Please repeat the listing below exactly, but do not include its pictures.

§ **DATA SHOWN**:
══════

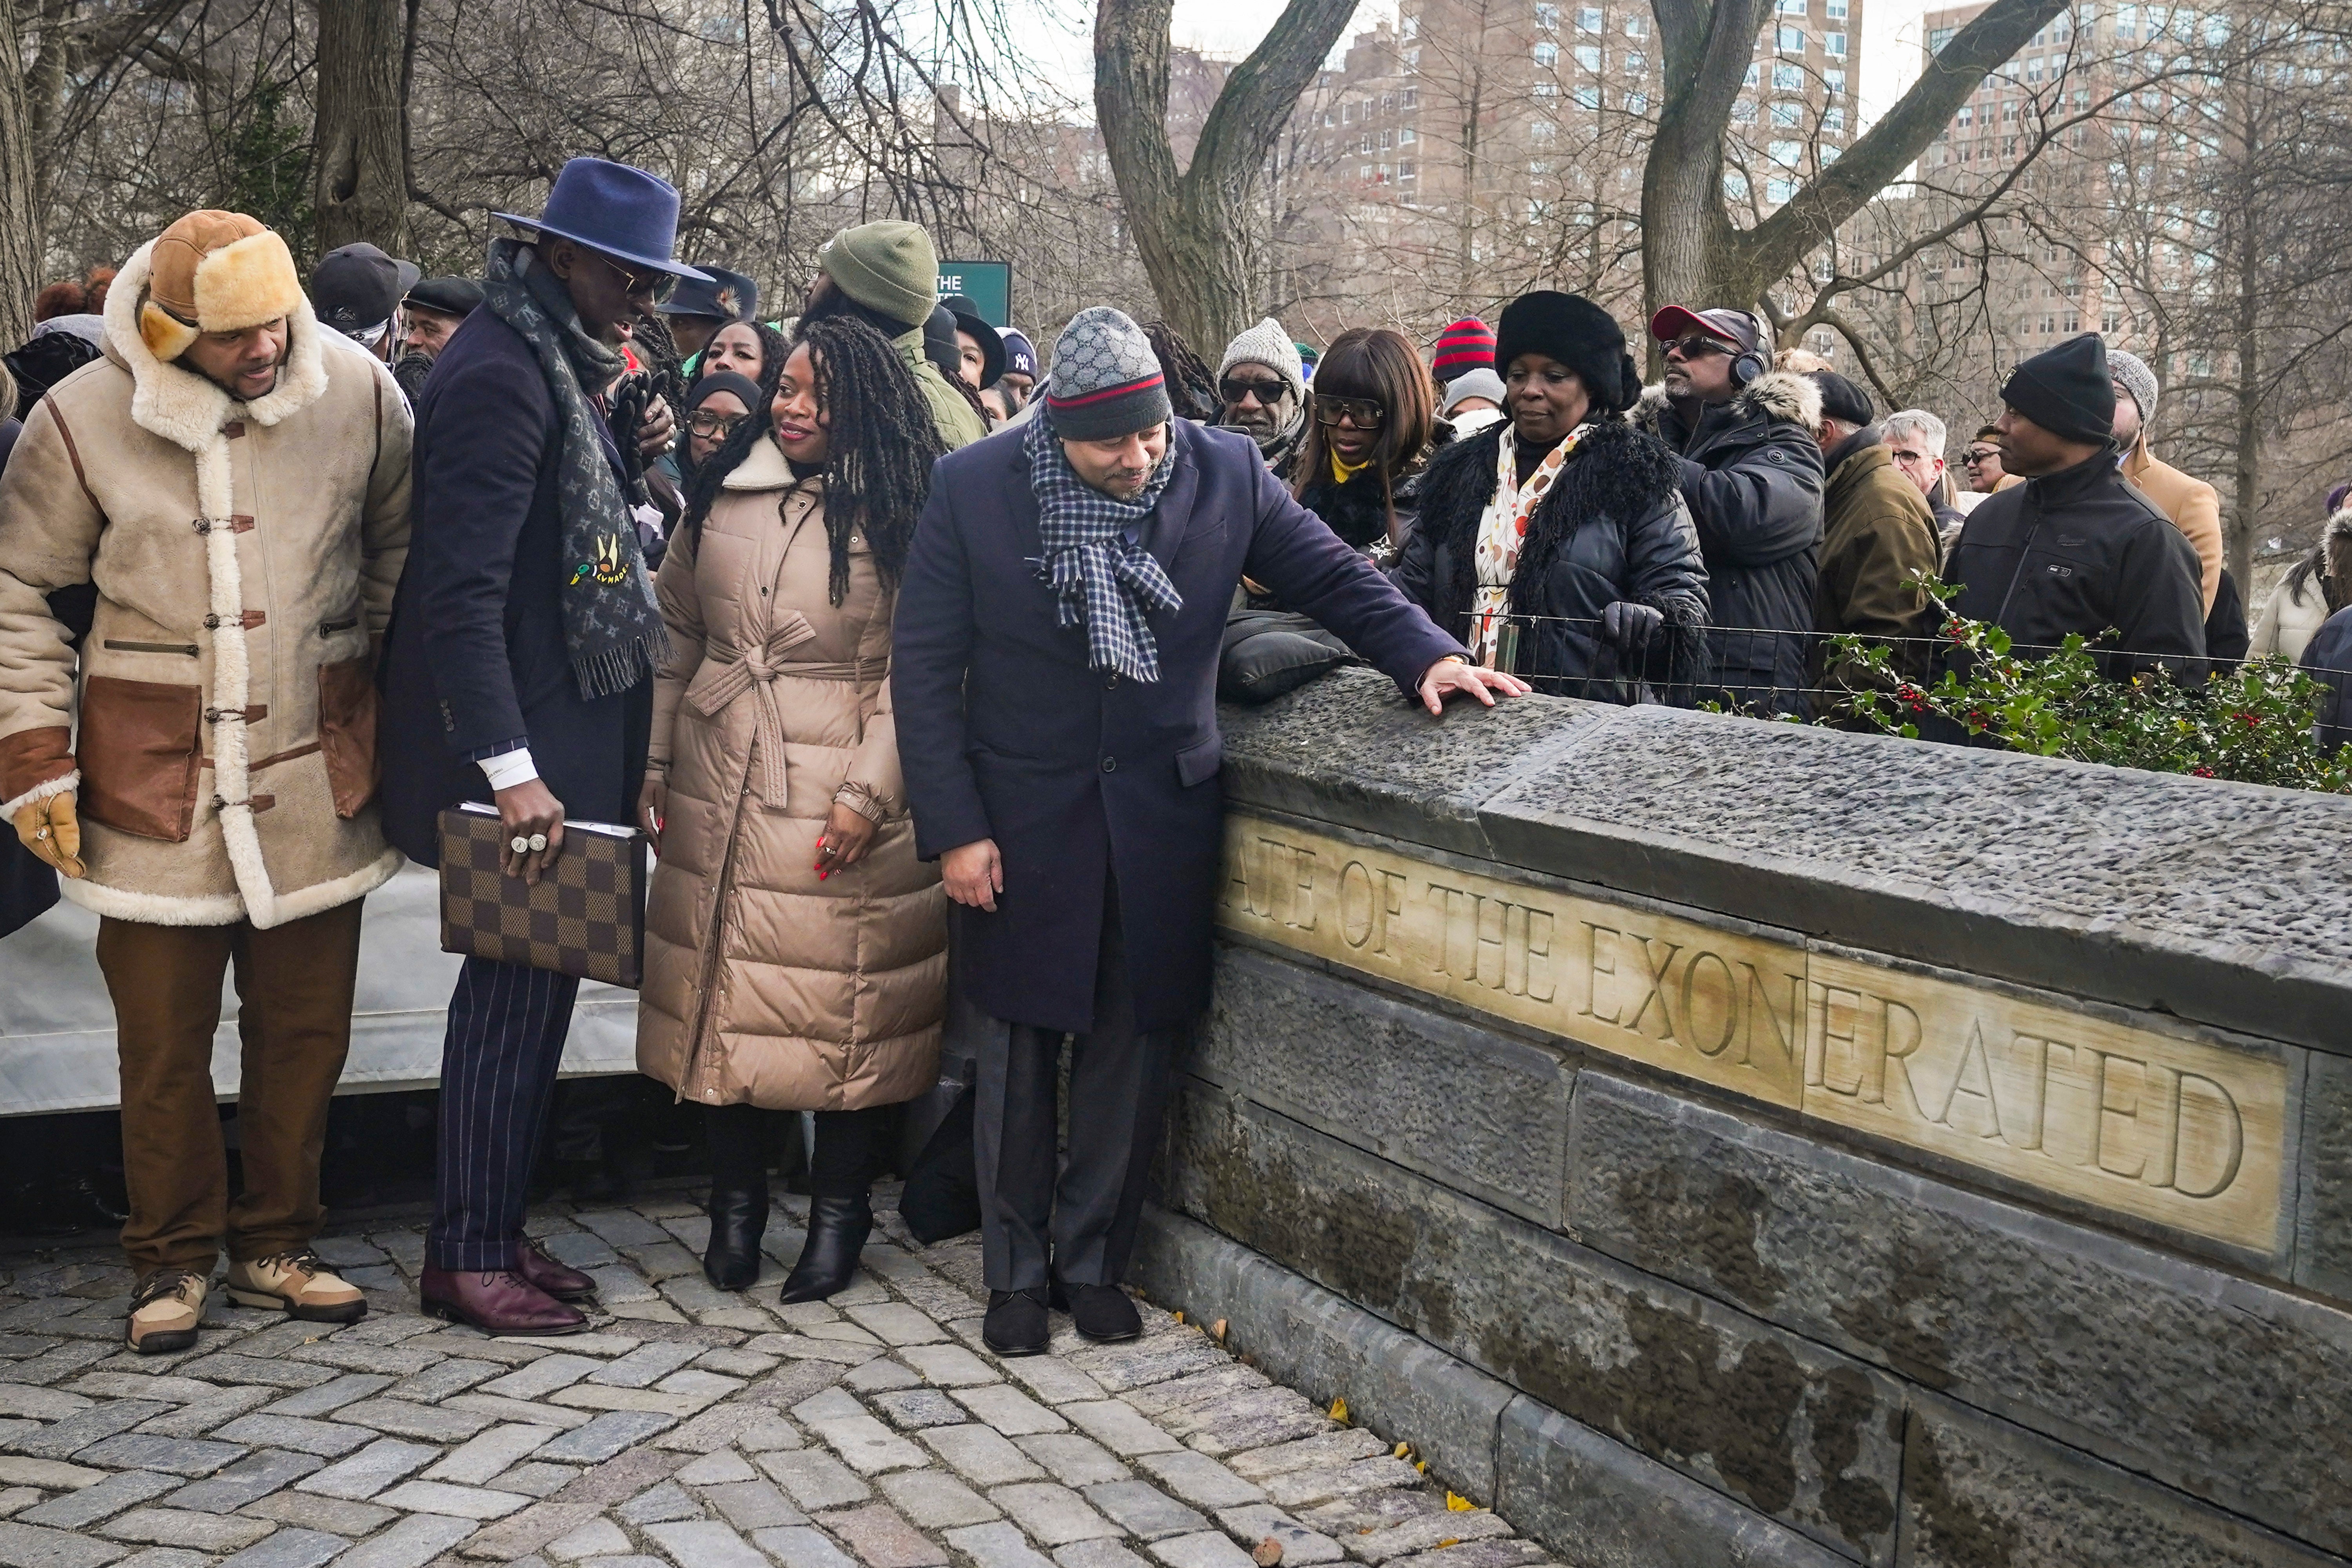 Kevin Richardson, far left, Yusef Salaam, second left, and Raymond Santana, far right in foreground, unveil the ‘The Gate of the Exonerated’ in Central Park in 2022
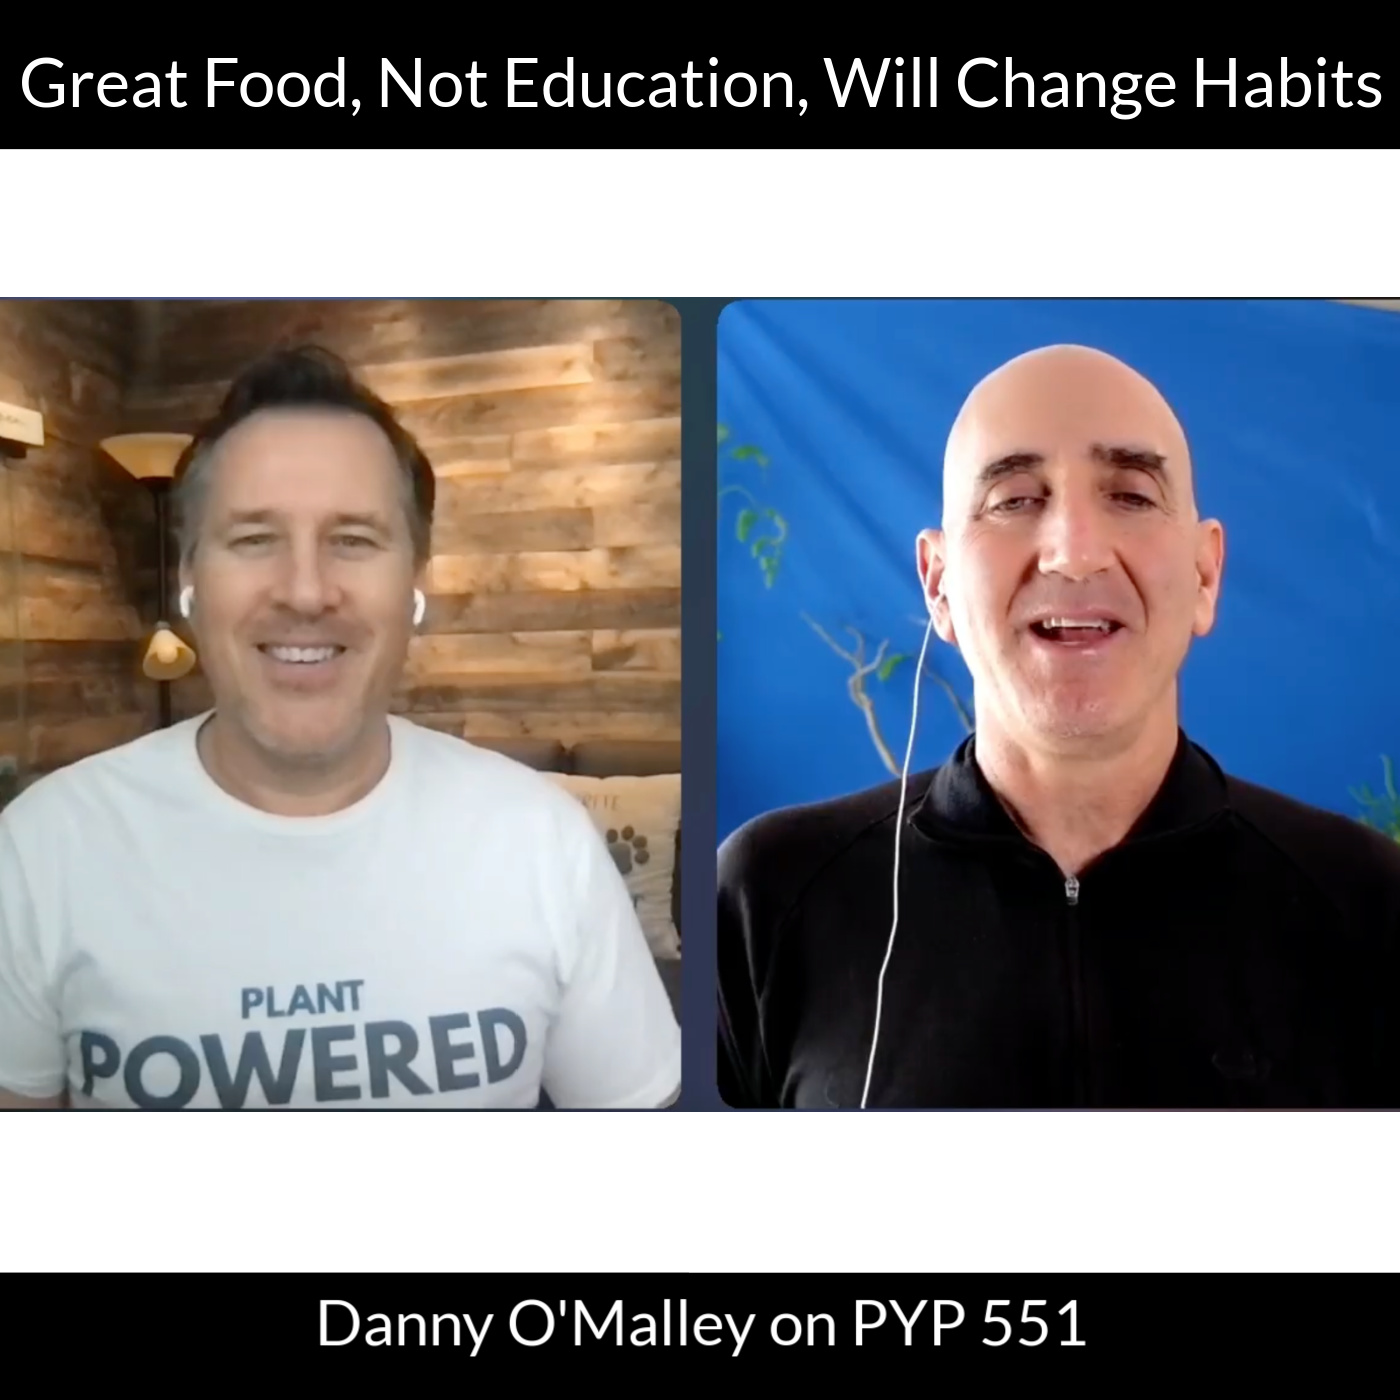 Great Food, Not Education, Will Change Habits: Danny O'Malley on PYP 551
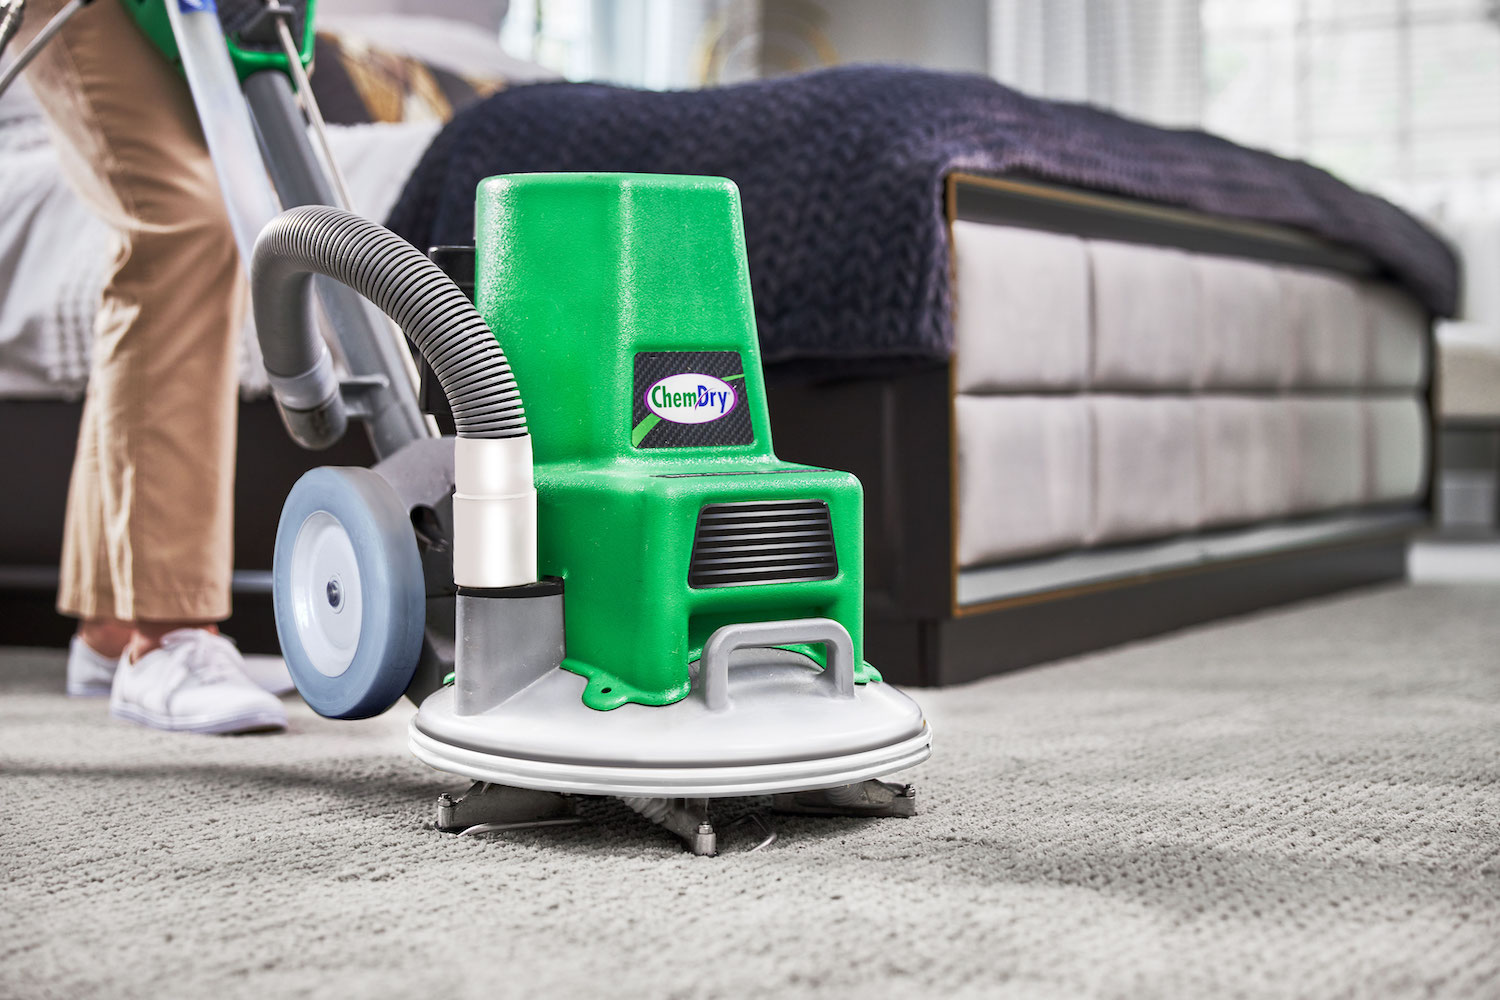 how to dry carpets after cleaning

══════

§ **SOLUTION FOR THIS PROBLEM**:
 Kevin Richardson, far left, Yusef Salaam, second left, and Raymond Santana, far right in foreground, unveil the ‘The Gate of the Exonerated’ in Central Park in 2022
 Great Food, Not Education, Will Change Habits: Danny O'Malley on PYP 551
 how to dry carpets after cleaning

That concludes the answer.